I have rocks laid down on my drive way and it clearly has some problems in the plastic layer below. Weeds have been popping out since we moved in. How do I go about getting this rock driveway redone in the cheapest and most effective way possible?

  • 4
    do you have rocks on the sides of your driveway as a decorative element or do you have a crushed gravel driveway?
    – kevinskio
    Commented Nov 9, 2013 at 19:10
  • can you provide a photo of the problem area? THough the sifter is a great solution, I wonder if the scope/scale of your job may be too large for a job like this by hand. a machine may be needed if it is a sizeable area.
    – Phlume
    Commented Sep 24, 2014 at 18:36

3 Answers 3


I'm in the process of sifting gravel out of my backyard where I want a garden and by far, the absolutely best way to sift gravel out, is with a hardware mesh slide.

Sifting rocks out of the soil

This method was an upgrade from the box with a hardware mesh bottom that I would shake back and forth to separate the rocks from the dirt.

The biggest advantage of the slide over the box, is that gravity is doing all the work for me. All I have to do is shovel dirt to the top of the slide, and as it runs down, the dirt will fall through the mesh, while the rocks run to the bottom (into the box that I had been using previously).

Not only does this mean I'm not breaking my back sifting through dirt, but I'm skipping an entire step in the process. Rather than filling up the box, then sifting the dirt, I go straight into sifting the dirt.

I do want to note that I have seen people make a dirt-sifter using the box method, but putting a motor on the box so that it shakes on it's own. So there is that option, but it didn't seem like something I would want to do, I'm not going to want to keep the sifter after I'm finished, and I didn't want to spend a whole lot on doing it.

For this method I used:

2, 4-inch boards.
1, 2-inch board.
2, 2x4 wall studs.
1 roll of 1/4-inch hardware mesh.
Staples to attach the hardware mesh to the wood.
1 1/2-inch screws.
2 small corner brackets.
2 straight brackets.

All I did was I rolled out the hardware mesh and stapled each side to one of the 4-inch boards. Then, I cut the 2-inch boards, and screwed them over the hardware mesh to provide support.

Note: I placed the middle piece one-third of the way from the bottom. This creates a lip that will keep large sections of dirt, or dirt that's mixed in with plants and just isn't sifting through on it's own from reaching the bottom. All I have to do then, is run a flat shovel up through the dirt a couple times and it will all sort itself out. If you do it right, the plants will end of on the top and you can grab them for compost.

Once that piece is together, then just use something to prop it at about a 45 degree angle. That's what I used the wall studs for, since I had them lying around as scrap.

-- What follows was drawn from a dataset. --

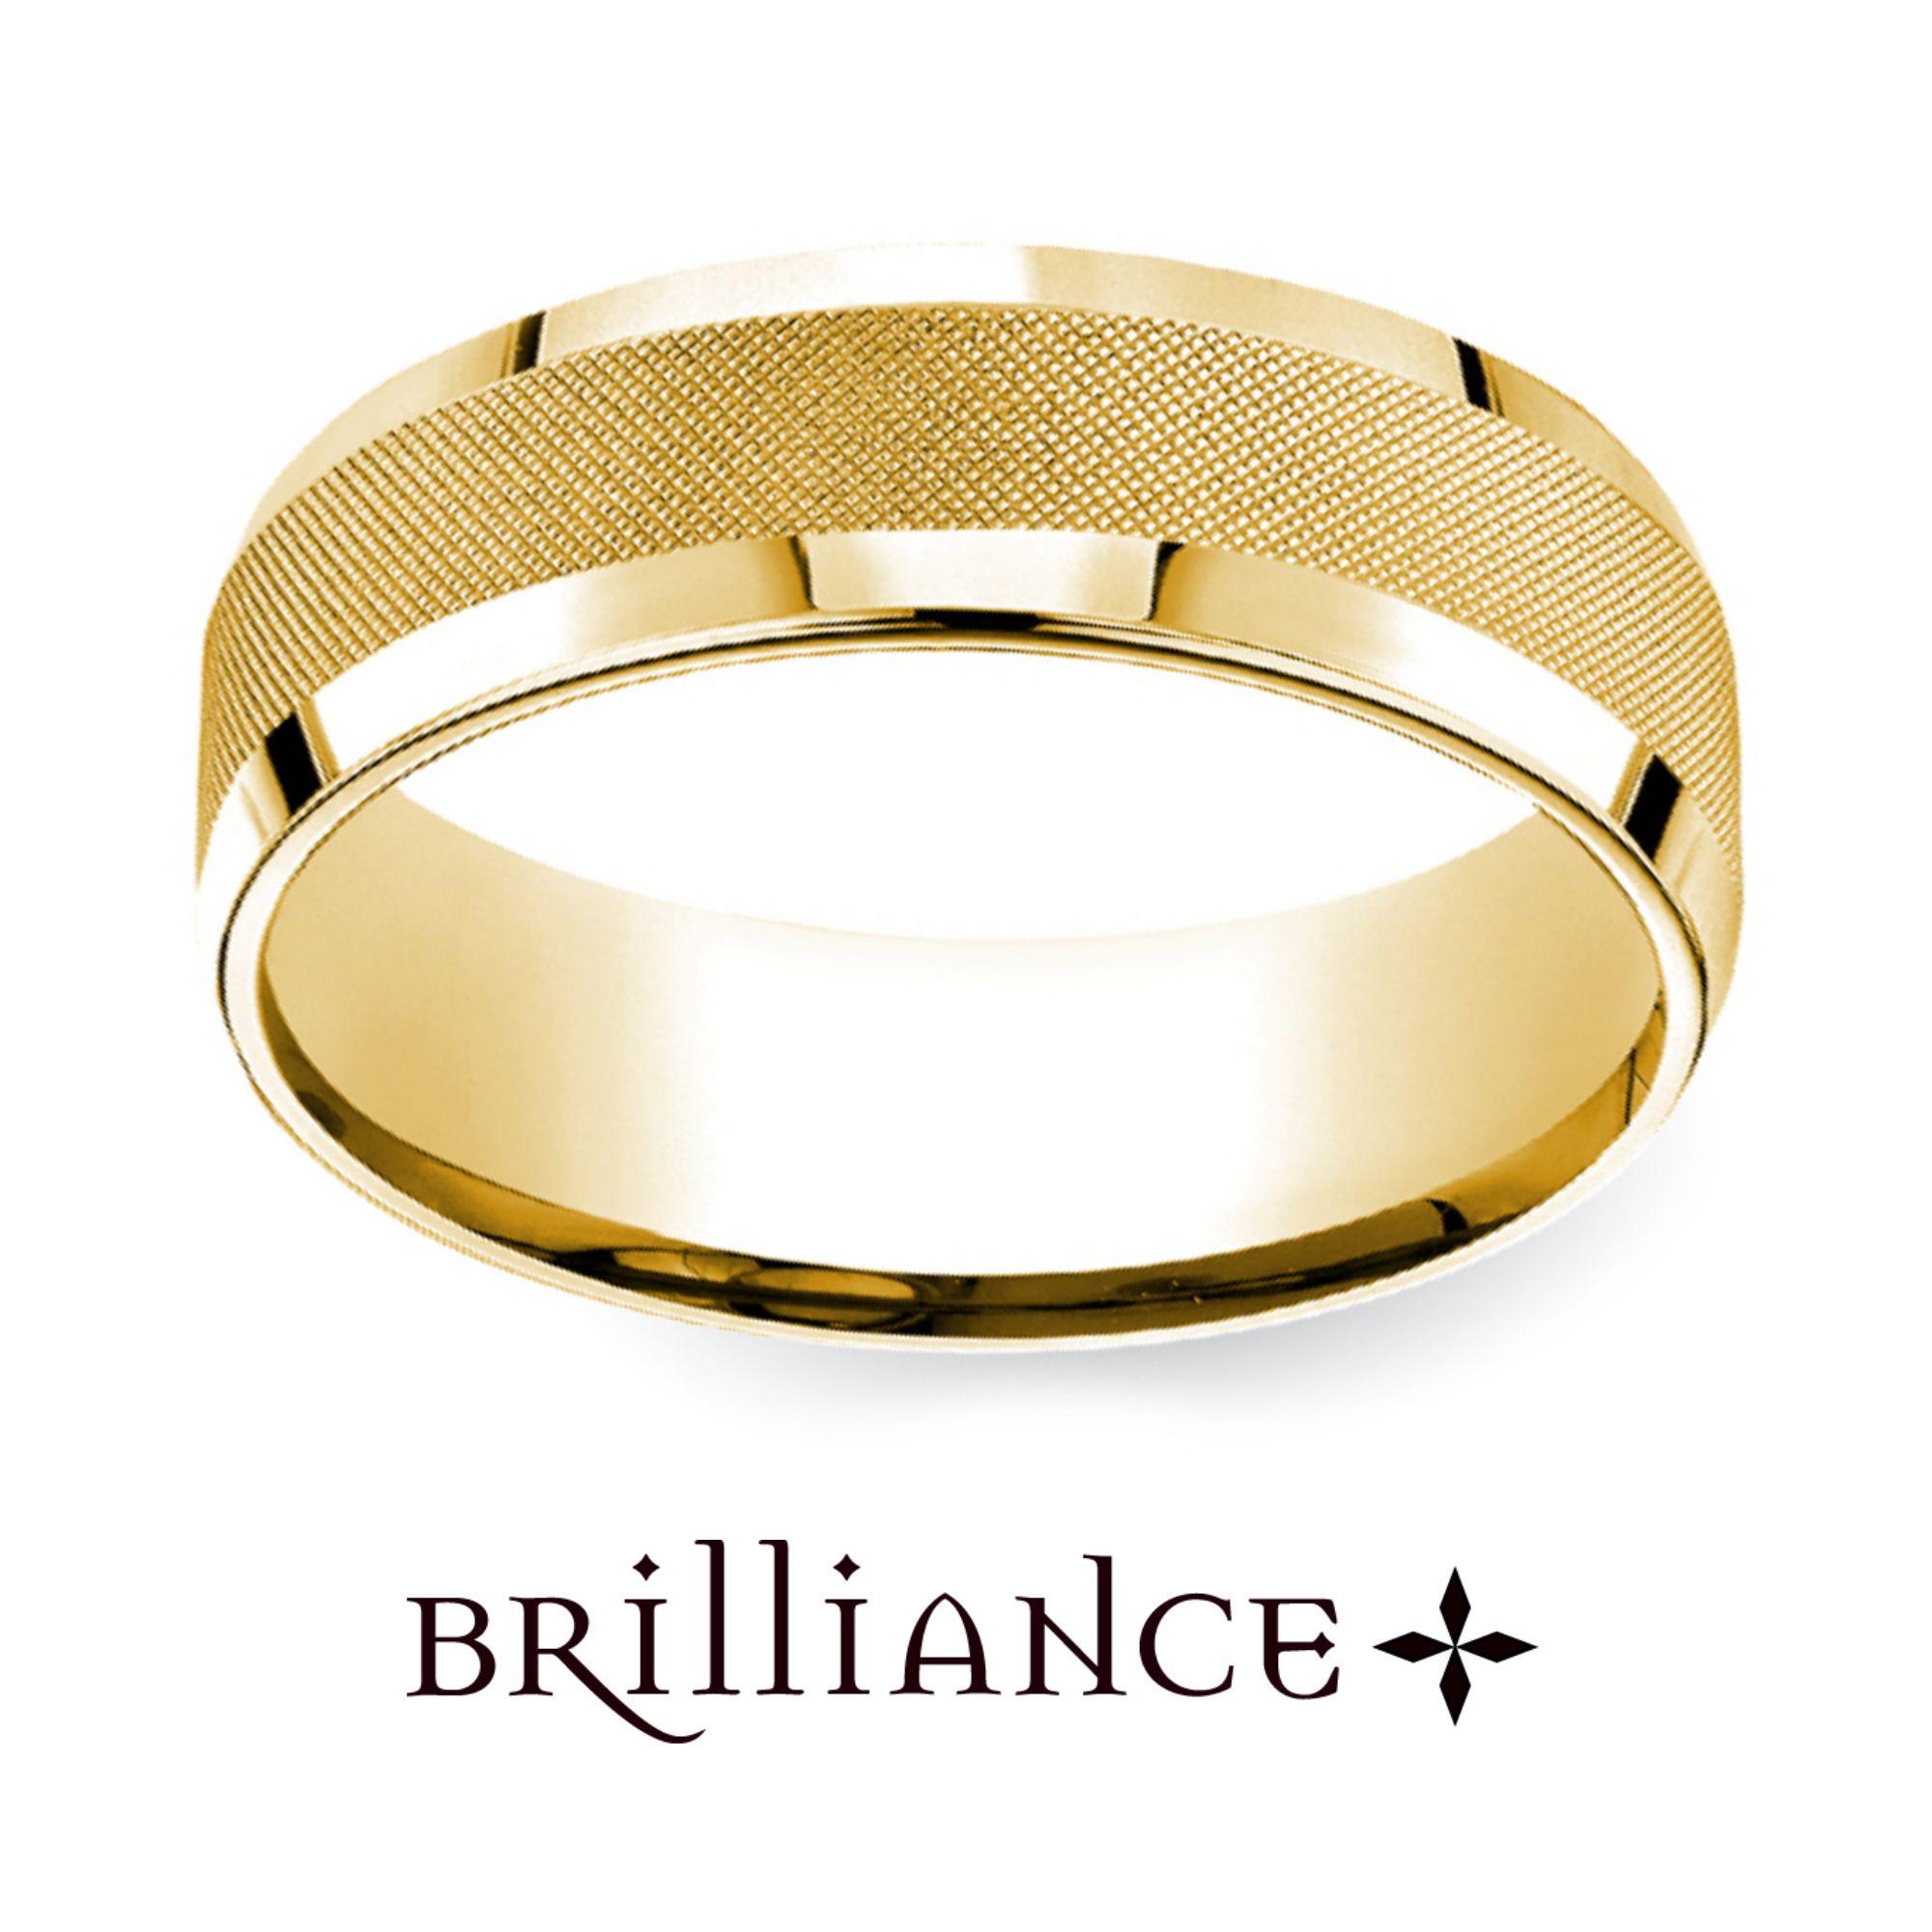 Cross Hatch Men s Wedding Ring in Yellow Gold

It's also where I used the brackets to attach them together. I only used them because I had them next to me and didn't feel like going to dig out longer screws. You could easily use longer screws and skip the brackets if you prefer.

That's really all there is to that design. Just be sure keep an eye out for worms as the dirt runs down the slide, you don't want to sift those guys out.

  • How do you break up lumps of potentially good soil after sifting? Or do lumps go out with the rocks?
    – J. Musser
    Commented Sep 24, 2014 at 17:26
  • @J.Musser Since it's for my garden I did till it first to make it easier to sift through. But the couple clumps I've come across have broken up just fine with a flat spade running them up and down the slide. Sort of the same effect as shaking it in the box, but less effort.
    – The Flash
    Commented Sep 24, 2014 at 17:31
  • So this would only work with reasonably nice, dryish soil.
    – J. Musser
    Commented Sep 24, 2014 at 17:33
  • I created one of these (a bit different design model) and I agree...hands down best solution.
    – Phlume
    Commented Sep 24, 2014 at 18:34
  • Looks like duct tape was employed. =) Haha Love it.
    – itsmatt
    Commented Sep 27, 2014 at 12:18

If you have a crate with small enough holes in the bottom, you could shovel the dirt and rocks into the crate, then sift the dirt out. It does get dusty though.


A sieve. You should be able to find some at your local hardware, generally they stock various sizes. If the material is not very sturdy you could build a frame out of some lumber.

Something like chicken mesh might also work depending on the size of the rock.